Counting Source Lines of Code (SLOC) has long been held up as a useful data source for planning and estimating future software projects. In fact, I'm using SLOC as a proxy term here for anything that uses underlying code metrics as a predictor of project effort. I'm not saying SLOC and effort isn't correlated at all ... but I would say that a) it has such high potential to be flawed and b) its so widely mocked by engineers, that in my opinion, it just isn't worth the effort for any individual project manager to try to adopt themselves. If you have a project management office that is hell-bent on gathering and analysing SLOC data on your behalf, then it may be a different assessment... but in terms of a data source you're probably not currently using, that I recommend you should consider using... it's a no from me.

Weak correlation

In terms of why SLOC might be flawed, at a simple level it's to do with poor correlation between effort, productivity, problem solving and actual code. Furthermore these days, there's at best a fuzzy correlation between SLOC and what any engineer actually typed out themselves. How do you handle open source code libraries (the mainstay of many modern tech stack)? How do you handle code-reuse, and don't-repeat-yourself (DRY) coding practices?

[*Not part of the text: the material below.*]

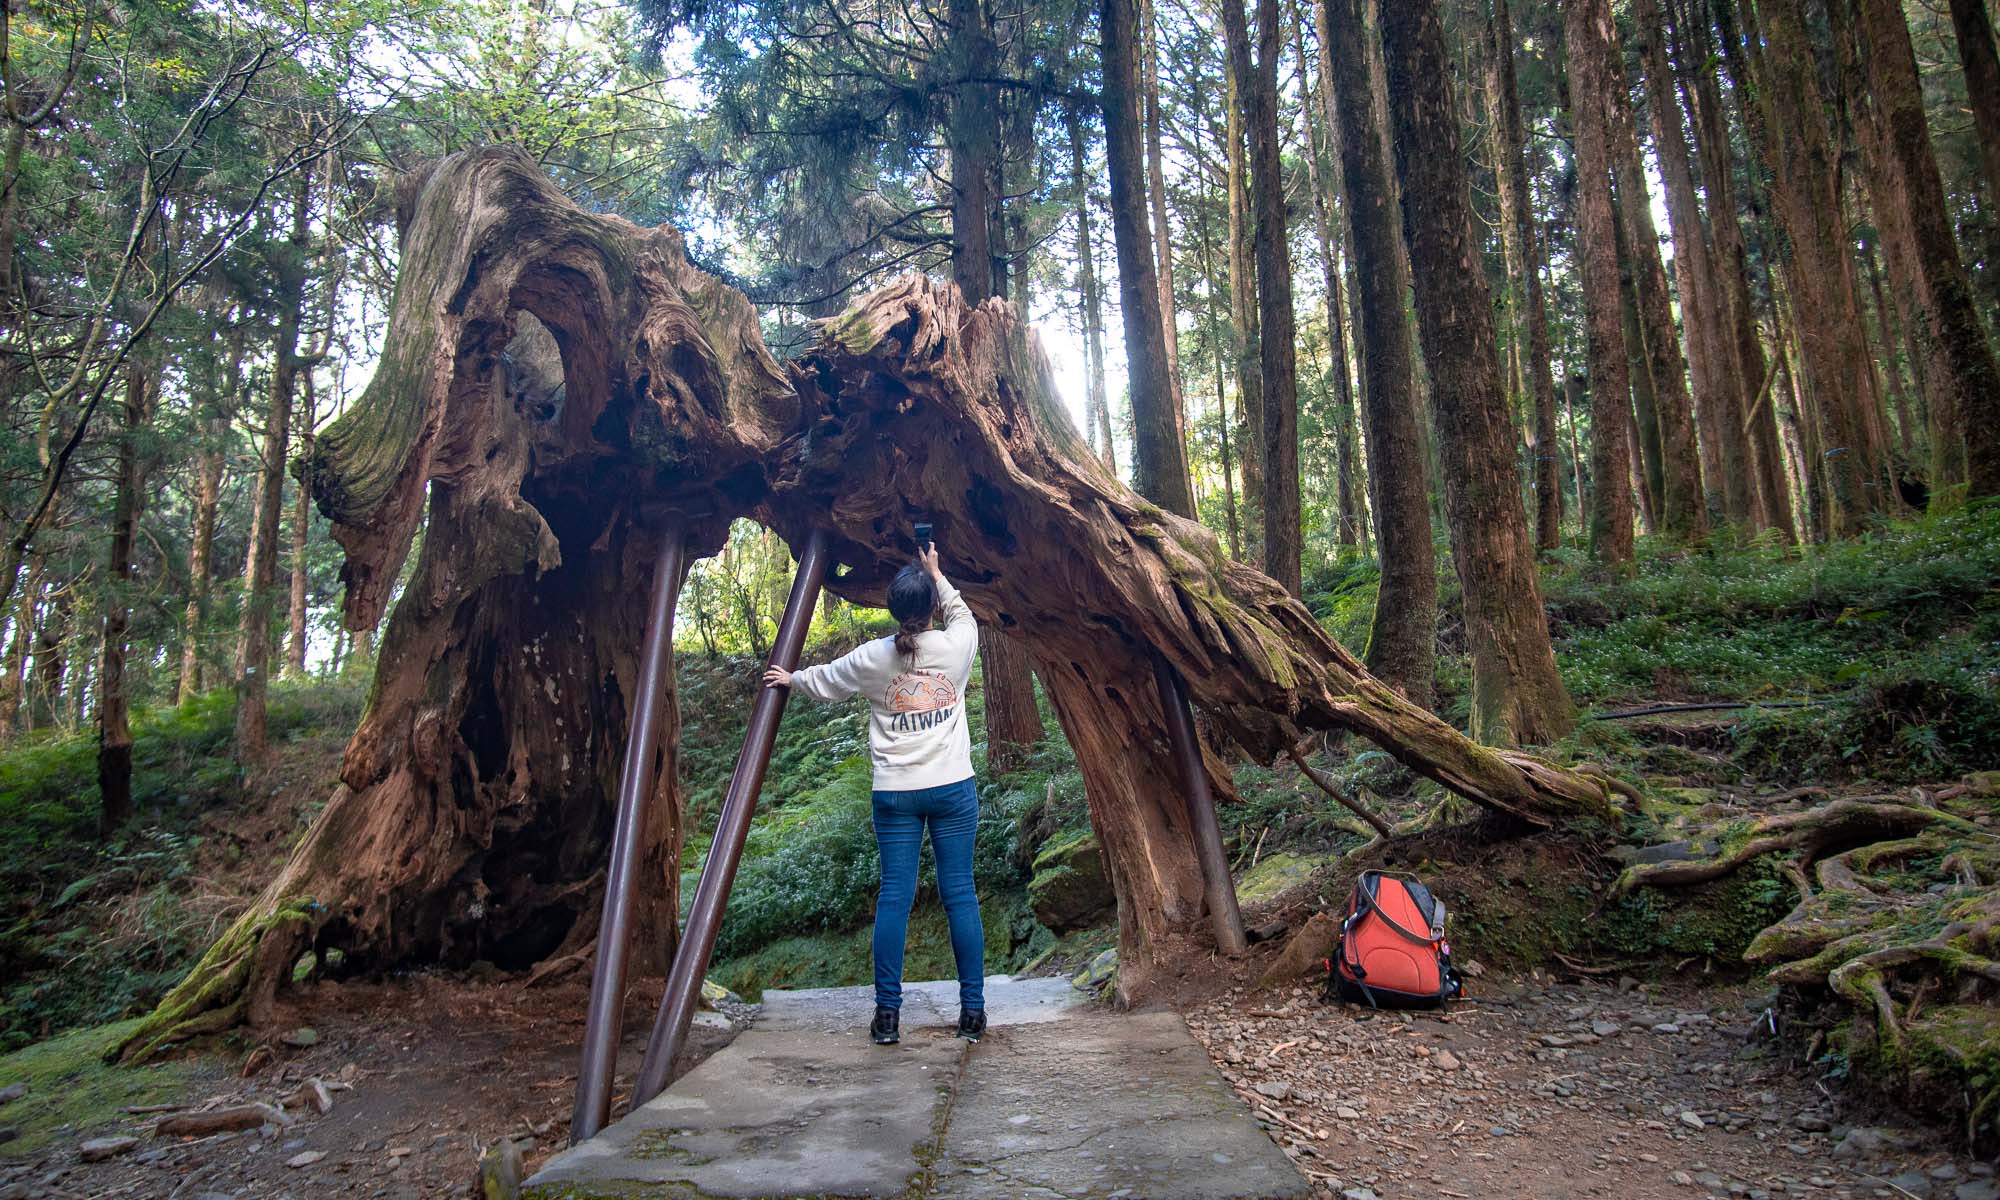 Alishan's easy to access hiking trails wind through thousand-year-old tree groves.

Do you really want to de-incentivise software refactoring and removal of technical debt if it ends up removing code lines rather than adding them? I'd posit the answer is no.


There is lots of untapped potential in data for software planning. Your job as a project manager is to pick the best available data sources to maximise your ability to predict costs, schedule, and resourcing while minimising the effort you have to put in to gather them, given your busy schedule. By choosing one or two of these data sources to drive your insight, you can get out in front of problems before they knock you off course, and with new data-centric project management tools coming to the market, you won't need to become an expert in data science to make use of them.

  1. The Mythical Man-Month: Essays on Software Engineering by Frederick Brooks, 1975.
  2. Peopleware: Productive Projects and Teams by Tom Demarco and Timothy Lister, 1999 showed that organisations tend to employ engineers from within a similar tier so it compresses the variance in performance somewhat (although it is still large!)